[BUG] Performance regression when yaml opening many files
When opening many files with Yaml and using a large MoE there is a very odd performance regression during prompt processing:
Timings done on 192 GB M2 Ultra.
With yaml loading:
Memory GB: 67.658742684 Time sec: 16.188238859176636
Without yaml loading:
Memory GB: 67.658742684 Time sec: 1.250129222869873
import time
import os
import mlx.core as mx
from mlx_lm import load
from mlx_lm.models.switch_layers import SwitchGLU
import yaml
def load_yaml():
yaml.add_constructor("!function", lambda x, y: y)

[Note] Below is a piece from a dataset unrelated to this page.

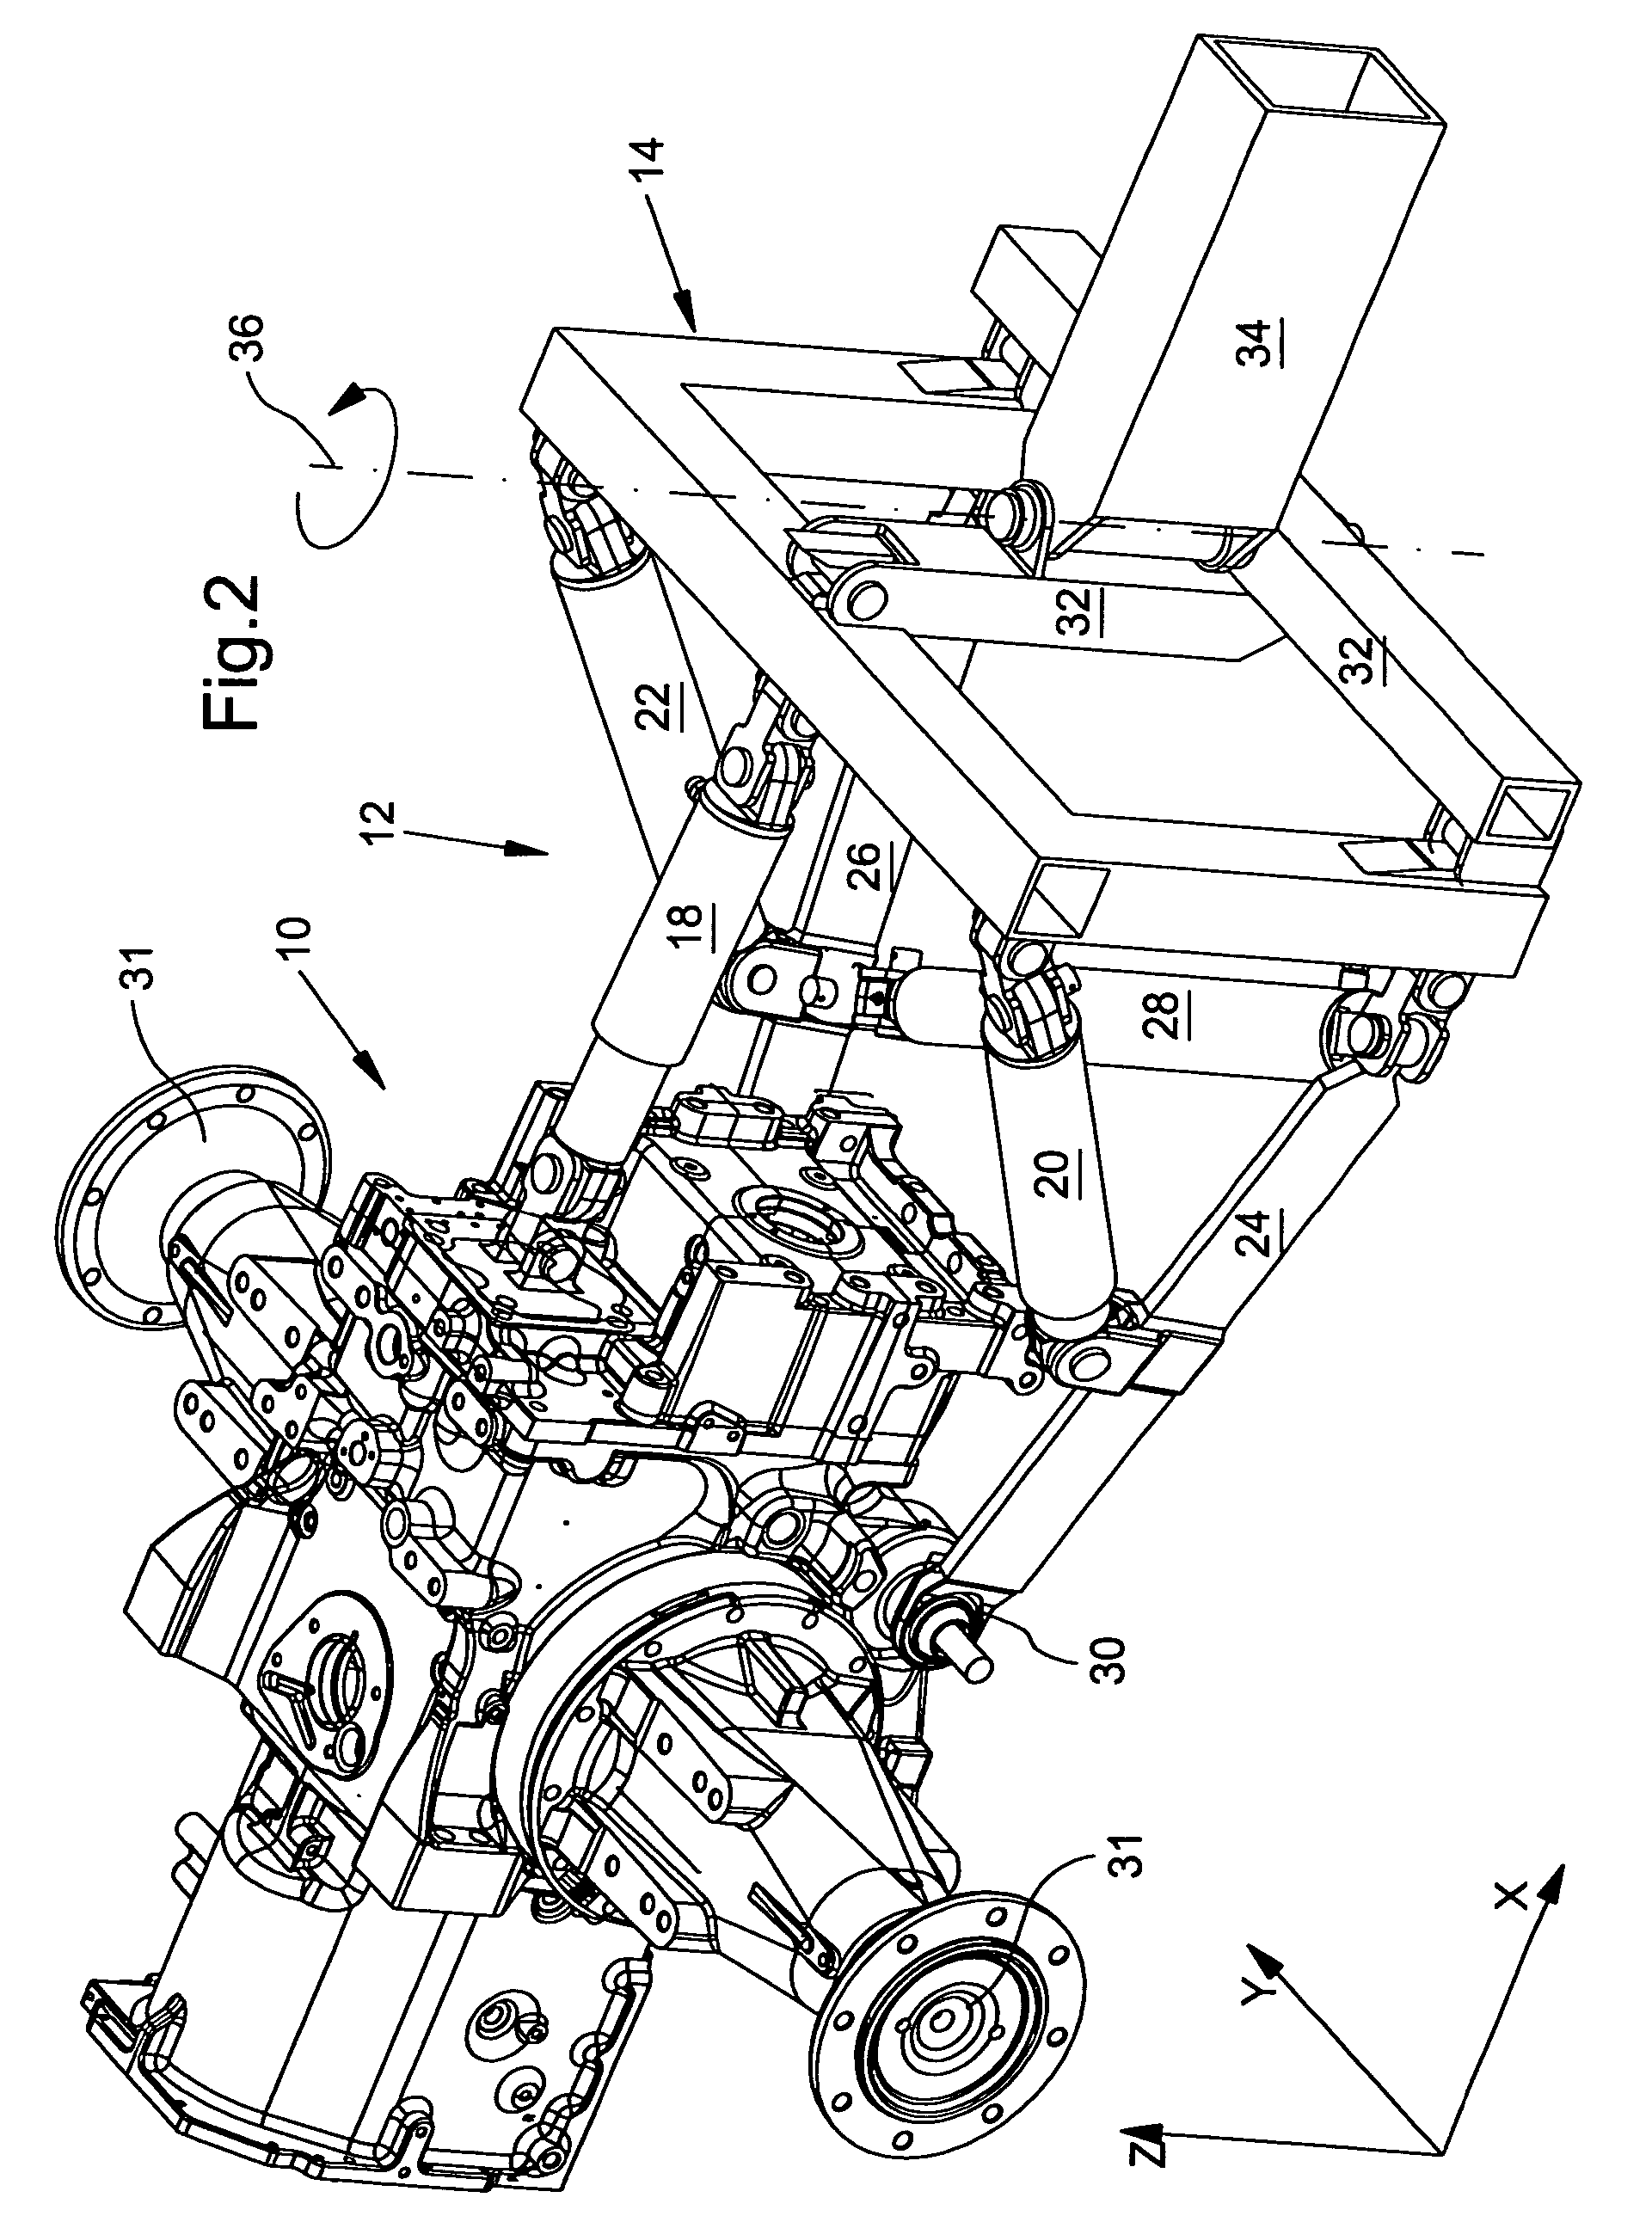 Apparatus for coupling an implement to a working vehicle

for root, dirs, file_list in os.walk("/Users/awnihannun/miniconda3/lib/python3.12/site-packages/lm_eval/tasks"):
for f in file_list:
if f.endswith(".yaml"):
yaml_path = os.path.join(root, f)
with open(yaml_path, "rb") as file:
yaml_config = yaml.full_load(file)
dim = 2048
idim = 768
ne = 128
num_layers = 28
top_k = 8
layers = [SwitchGLU(dim, idim, ne) for _ in range(num_layers)]
mx.eval(layers)
# uncomment for ~10x slow down
#load_yaml()
inputs = mx.random.normal(shape=(1, 88, dim))
indices = mx.random.randint(shape=(1, 88), low=0, high=128)
def fn(x):
for l in layers:
x = l(x, indices)
return x
mx.eval(fn(inputs))
tic = time.time()
for _ in range(10):
mx.eval(fn(inputs))
print("Memory GB:", mx.get_peak_memory() / 1e9)
print("Time sec:", time.time() - tic)
It looks like there is also a regression when using regular linear layers.. though it is not nearly as pronounced.
I can’t reproduce the slowdown locally.
I think get_peak_memory only gives you memory usage of metal device.
Likely cause is Python GC overhead from many short‑lived YAML objects.
How about try to disable garbage collection for eval and see if the performance improved?
import gc
gc.disable()